Programme immobilier et saut d’obstacles

Promoteurs et programmes 2 Comments

Vu de l’extérieur, un programme immobilier est un tout cohérent, massif, inébranlable. Solide, quoi !

Mais ça, c’est après la livraison, quand le voyage au long cours du montage d’opération trouve son aboutissement par la remise des clés à tous les acquéreurs et occupants.

Alors que si l’on regarde de plus près le cheminement, du stade de spermatozoïde à celui de beau bébé, la naissance d’un programme immobilier relève plutôt d’un parcours d’obstacles.

Et donc du saut d’obstacles, vu que – comme dans les concours de jumping – le refus d’obstacles est éliminatoire ! 🙂

 

Imaginez le paradoxe : pour bien sauter, il faut beaucoup de détente.

Mais la détente, c’est le contraire du stress.

Et ils font comment, hein, ces cohortes de promoteurs stressés pour conserver leur détente ? 🙂

 

Le sceau du saut des sots ?

Il paraît que trop de stress rend con. Oups, bienvenue au club ! 🙂

Bref, trop de stress c’est le grand sot dans l’inconnu.

Le promoteur idiot devient donc la norme. CQFD.  😉

Une bizarre espèce de sot sauteur d’obstacles divers et avariés.

Allez, au lieu de critiquer sans preuves, on rentre un peu dans le concret ? 🙂

Foncier dans le brouillard ?

C’est bien connu ; sans foncier pas d’immobilier.

Et pour les promoteurs, sans foncier, pas de projet.

Sauf qu’il y a foncier et foncier et que tout foncier n’est pas forcément facile à négocier ou comestible, même quand les apparences sont contraires…

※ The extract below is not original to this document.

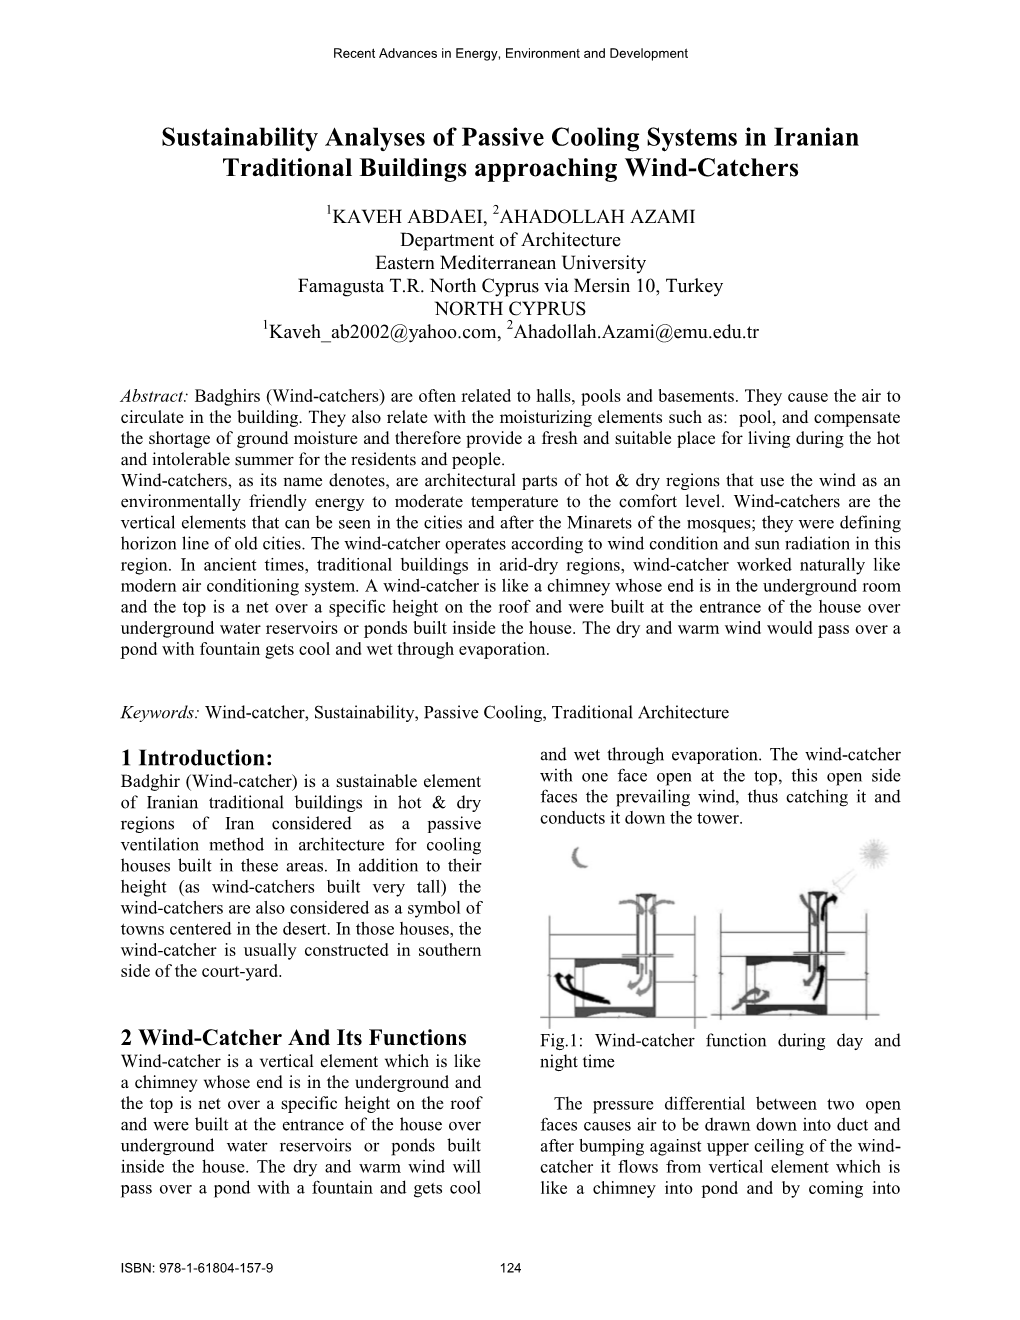 Sustainability Analyses of Passive Cooling Systems in Iranian Traditional Buildings Approaching Wind-Catchers

Donc imaginez un cas de figure (du vécu, pour de vrai et en un seul programme 🙂 ) où vous devez regrouper deux parcelles adjacentes, appartenant à deux propriétaires différents, afin de rendre possible l’émergence d’un projet ayant les faveurs de la collectivité locale.

Parcelle 1 : une vieille dame avec qui un début de négociation s’enclenche, sauf que… il faut bientôt continuer avec ses ayant-droits car, à l’évidence cette vieille dame n’a plus toute sa tête.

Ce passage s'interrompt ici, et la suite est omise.